Kubernetes: Kubernetes is a container orchestration system that allows you to deploy and manage containerized applications. It is the foundation of our new architecture and the system we use to deploy our services.
Message Broker: A message broker is a service that handles the communication between different services. It is responsible for receiving messages from one service and forwarding them to another. It also handles the queuing of messages and ensures that they are delivered in the correct order. Notable examples are RabbitMQ, Kafka, and NATS.
Job: A job is a unit of work that needs to be processed. It can be anything from a simple calculation to a complex data import. A job is cloud-event formatted and contains all the information necessary to process it.
Workload: A workload is an actual program that is executed to process a job. It can be anything from a simple script to a complex application. A workload is a docker container that is executed on a node.
Sidecar: A sidecar is an application that is executed alongside the workload. In our case, AMPS acts as a sidecar to the workload and handles all the communication with the message broker as well as monitoring and logging.
TTL: Time To Live. Describes the maximum amount of time a job can be processed before it is considered stalled and rescheduled.
Pod: Kubernetes term for a group of containers that are deployed together on a single node. A workload - AMPS pairing is deployed as a pod, where both share the same local network.
Node: Kubernetes term for a single machine in a cluster. A node can host multiple pods, and pods should normally be distributed across multiple nodes for optimal performance and reliability.
Pipeline: A pipeline represents a chain of multiple workloads that are executed in sequence. The output of one workload is the input of the next one. One AMPS container consumes a job and publishes a new job afterward, which will then be consumed by the next AMPS container etc.

Requirements:

Now that we have a good overview of the terms we're going to use, let's have a look at the requirements we came up with:

Jobs should be able to run as long as they must, even infinitely long if necessary.
One AMPS container can be configured to only process a maximum amount of jobs at any given time.
Workload crashes should not cause the job to be lost but rather cause them to be rescheduled.
Jobs have a TTL after which they're reprocessed if their executing workload has stalled.
Monitoring should be straightforward and integrate well with our monitoring stack.
Workload programs should not have to deal with the underlying message broker.
Workload programs should leverage the parallelism functionality of their respective web servers.
Workload programs can be written in any language.
Workload programs can decide when a job is finished and should be marked as such or if the job should be rescheduled/deleted.
Dead-letter queueing should be supported if a job fails more than a certain amount of times.
AMPS should be capable of publishing new jobs to the message broker allowing for chainability of workloads called Pipelines.
Pipeline steps should be independently scalable.
AMPS should be low on resource usage and not require a lot of memory or CPU power.
AMPS needs to be highly reliable such that no jobs are lost. This includes evacuation of currently running jobs in case of pod shut-down.
Cold start must be immediate. We have many time-critical workloads that need to be executed as soon as possible. This means we couldn't use Kubernetes' jobs as the containers first need to start up which takes a few seconds.
Support multiple message brokers. We currently use RabbitMQ, but we might want to switch to Kafka or NATS in the future.

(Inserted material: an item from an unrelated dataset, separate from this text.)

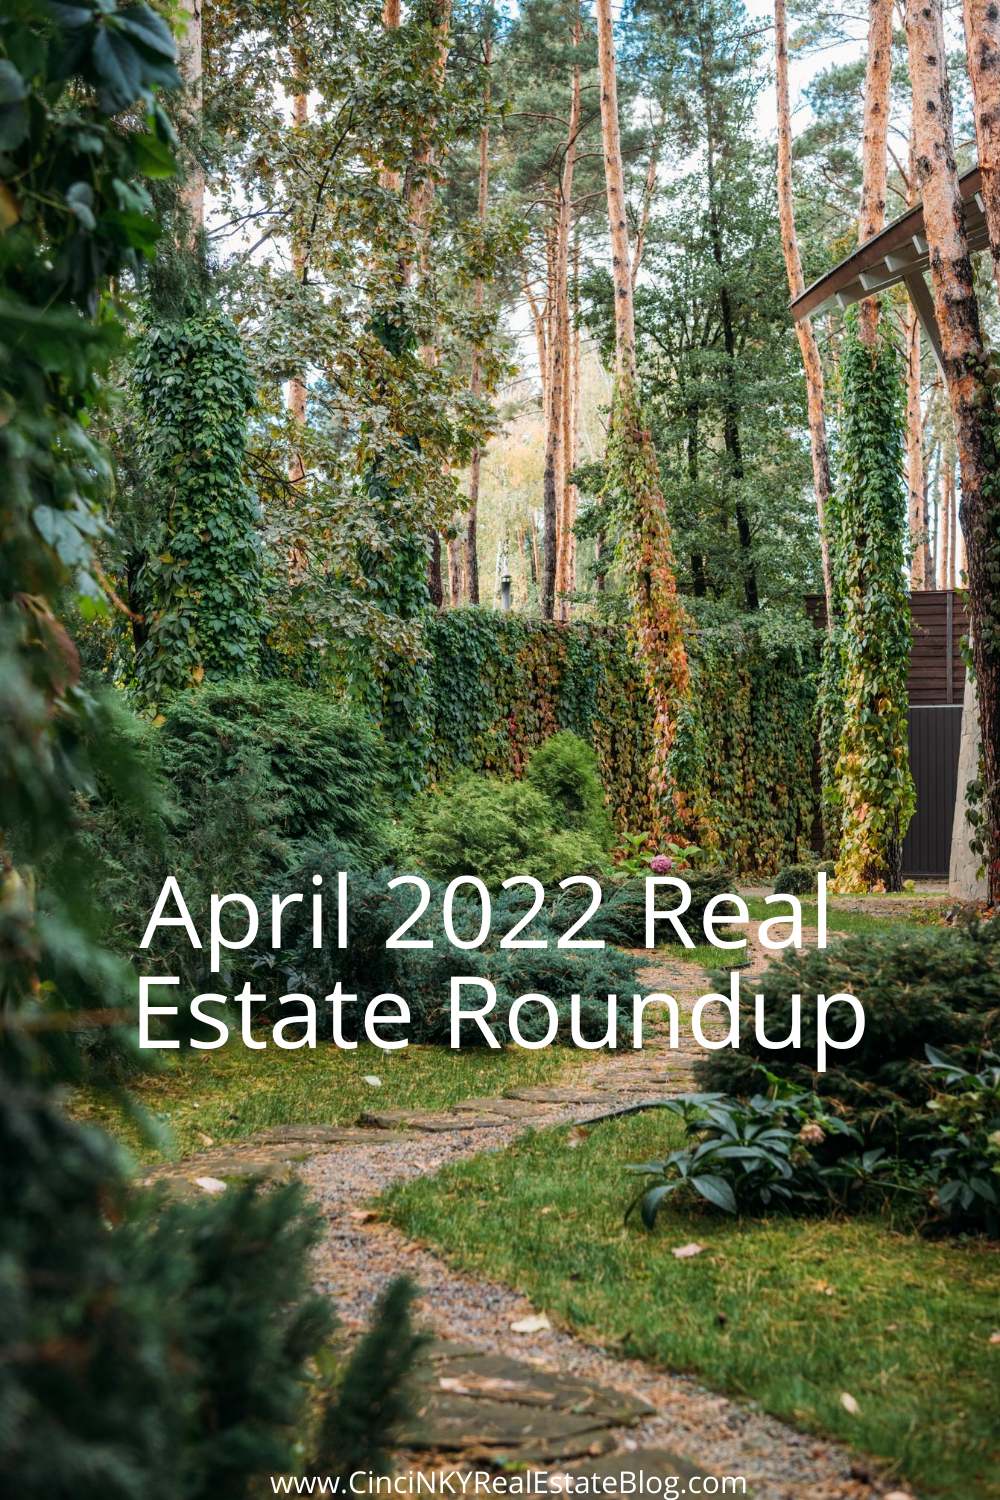 ￼April 2022 Real Estate Roundup

That's a large list of requirements, but we managed to fulfill all of them. Let's have a look at how we did it.

The Architecture

As already described, we went with a sidecar architecture that had AMPS running alongside the workload. This allowed us to keep the workload as simple as possible and also allowed for much easier migration from our existing workloads that were based on PHP web requests.

I'll refer to the sidecar AMPS container as AMPS from now on, and the workload container as workload.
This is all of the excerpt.